The pacing as a whole is a little problematic. We've become accustomed to the rather short scenes necessitated by the summer blockbuster run-and-gun pace, but the actual story being told in X-Men: First Class is actually sort of slow and meandering. It develops focus as it goes on, but it doesn't have the central narrative drive that would make a quick pace the natural route. Instead, we have scenes in which tension is supposed to build - the grenade scene or any of the Erik Lehnsherr: Nazi Hunter stuff - but the air just gets let out too quickly. On their own, the scenes work nicely, but it takes a long time before they start to build off of one another and form a cohesive whole.

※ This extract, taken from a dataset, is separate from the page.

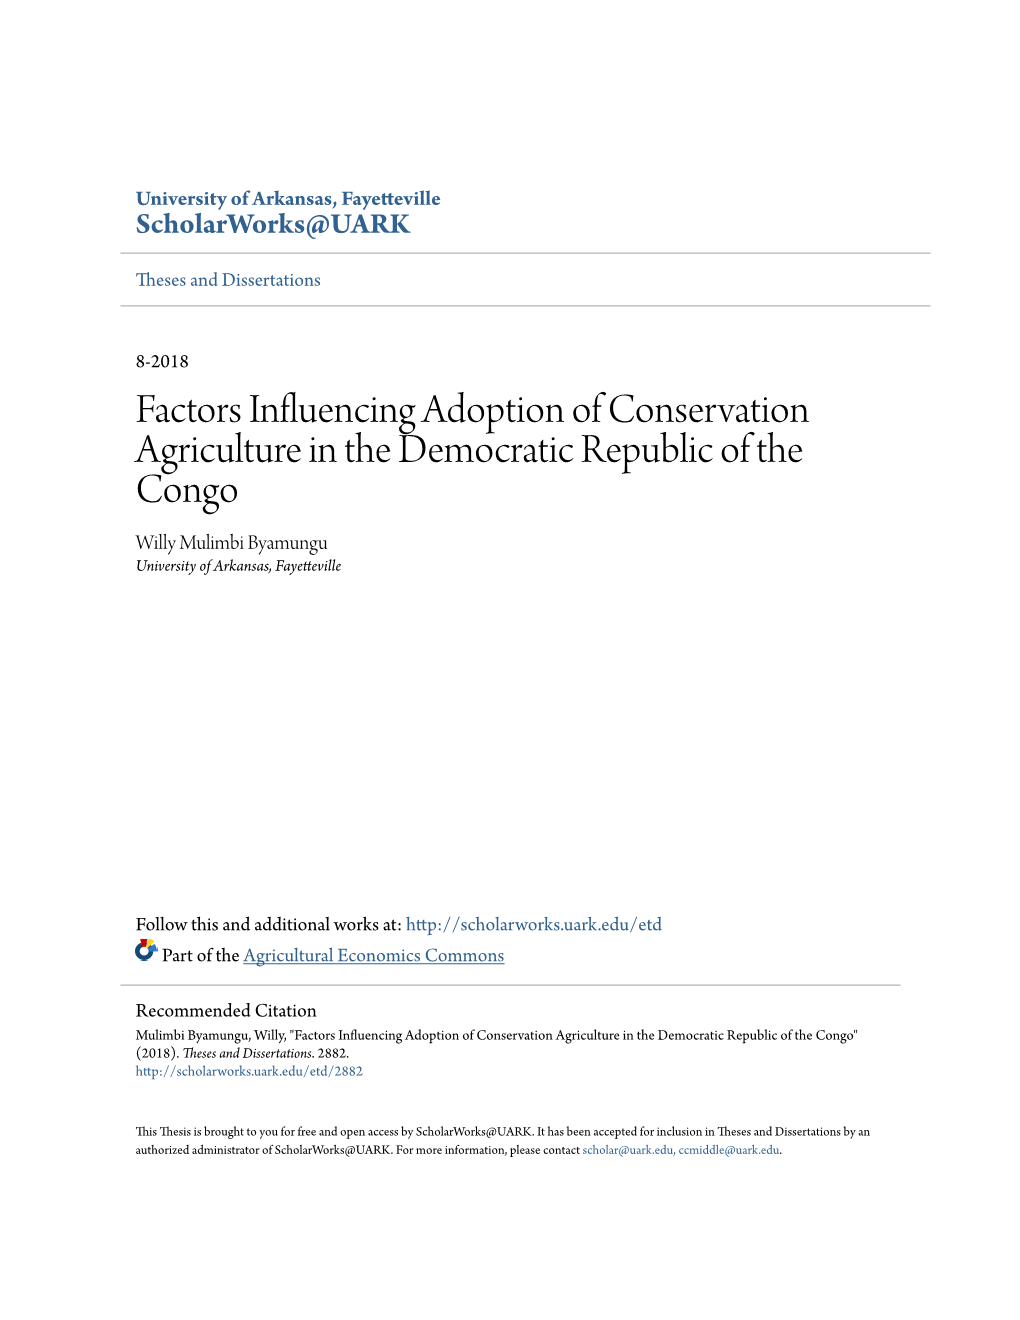 Factors Influencing Adoption of Conservation Agriculture in the Democratic Republic of the Congo Willy Mulimbi Byamungu University of Arkansas, Fayetteville
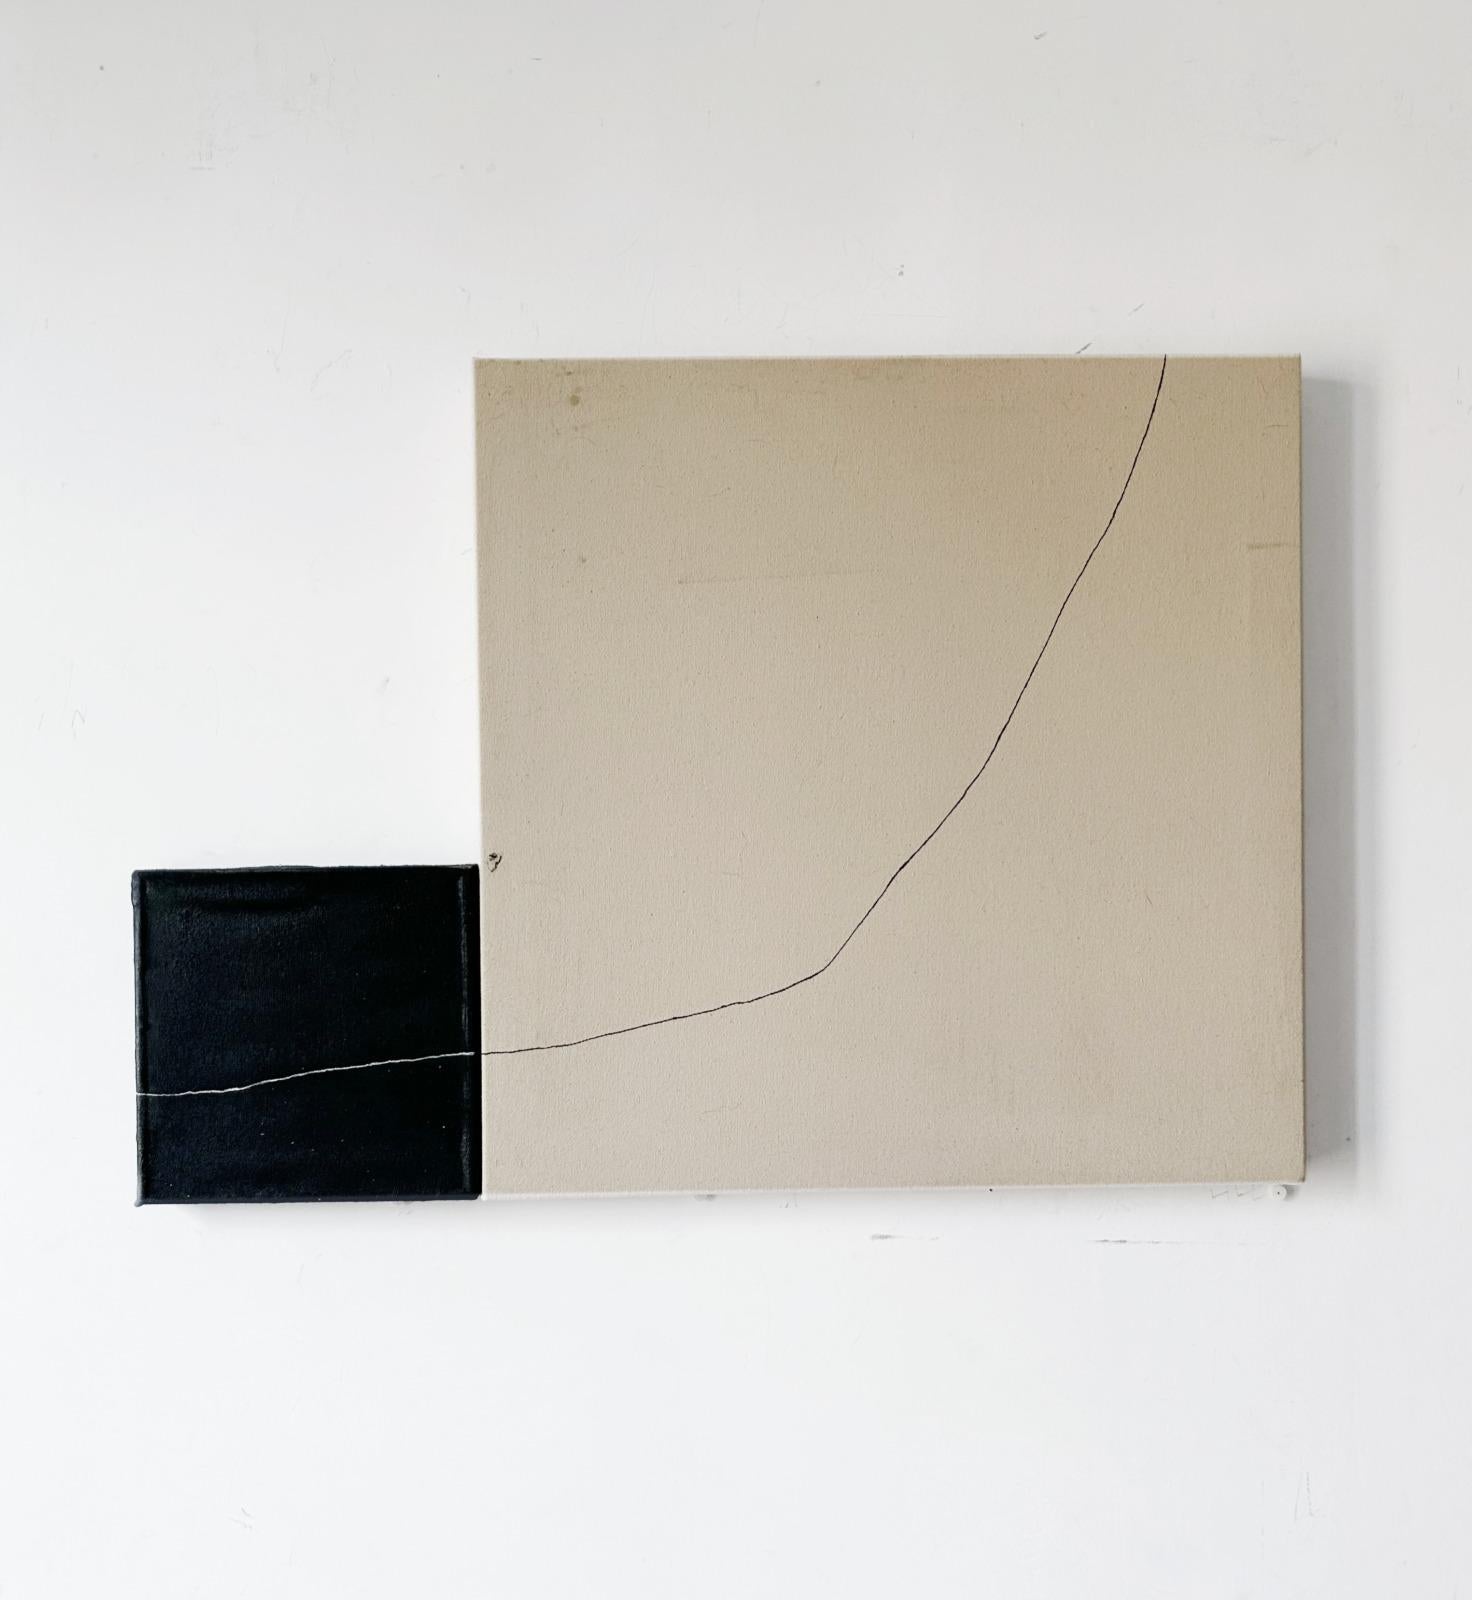 Diptych artwork by Alicia Gimeno, (Barcelona, 1989) Born into a family of engineers where the technical understanding of space was the norm, Gimeno kept her taste for abstraction and added a dose of play and creative freedom. His works —both visual

But when they do, it's quite the whole. X-Men: First Class has a really fantastic third act, finally delivering the kind of wham-bang mutant adventure we've been wanting. The cross-cutting can be a little troublesome when the big showdown between Erik and Sebastian Shaw (Bacon) keeps being interrupted by whatever Beast is up to, but on the whole it's strong stuff, and it builds to a final climax that's as good as they come.


While X-Men: First Class ends on a strong note, it's a really rough road getting there. For as many really good performances, there are an equal number of...let's call them unfortunate uses of screen time. James McAvoy and Michael Fassbender soar, as anyone who's been watching movies for the past five years could have ensured, as does Nicholas Hoult (who plays Hank McCoy, later Beast), though he definitely had some trouble with some truly awful make-up in the third act. Kevin Bacon is on his own planet and I love him for it; it's been too long since we had a comic book villain this silly, and maybe the first time it actually worked. Jennifer Lawrence is fine, as is Rose Byrne as a CIA agent/token human, but everyone else is only occasionally rising from "present." The rest of the kids who make up the "First Class" are a joke, barely given any screen time and giving little effort to earn it, following in the footsteps of their counterparts working for Sebastian Shaw (though to be fair, their directions in the screenplay couldn't have amounted to more than "scowl" and "wave arms around").

And then there's January Jones, who more and more seems to be good on "Mad Men" (yeah, I said it) only by accident. Of all the major characters, hers is by far the most quickly dismissed creatively, in spite of playing a pretty large role in the plot, and Jones seems to hold the same contempt for the whole production that it holds for her. Whereas Fassbender certainly and McAvoy at his better moments are capable of taking what is frankly kind of stupid dialogue and making it sound like something someone would have some conviction in ("the point between rage and serenity" is the result of the ultimate writer's roadblock - "what the hell would the best advice be to give to someone who has trouble finding their full potential as a super-powered mutant?" - and it's miracle I believed McAvoy for a second), Jones takes the easiest and most convincing dialogue (you know, stuff like "they're here") and makes it sound like something no one would ever say.

So X-Men: First Class is a delightfully uneven film, saved largely by director Matthew Vaughn's eye for iconography, ease with actors, great staging of action, and occasional flair for what should have been the worst parts (hello, recruitment and training montages). Unfortunately, some of the looser stuff eludes him - the bonding between the teens feels like someone replicating what they think it's like when teenagers hang out - but he certainly does his best with a very uneven, unfocused screenplay. But boy, what a finish.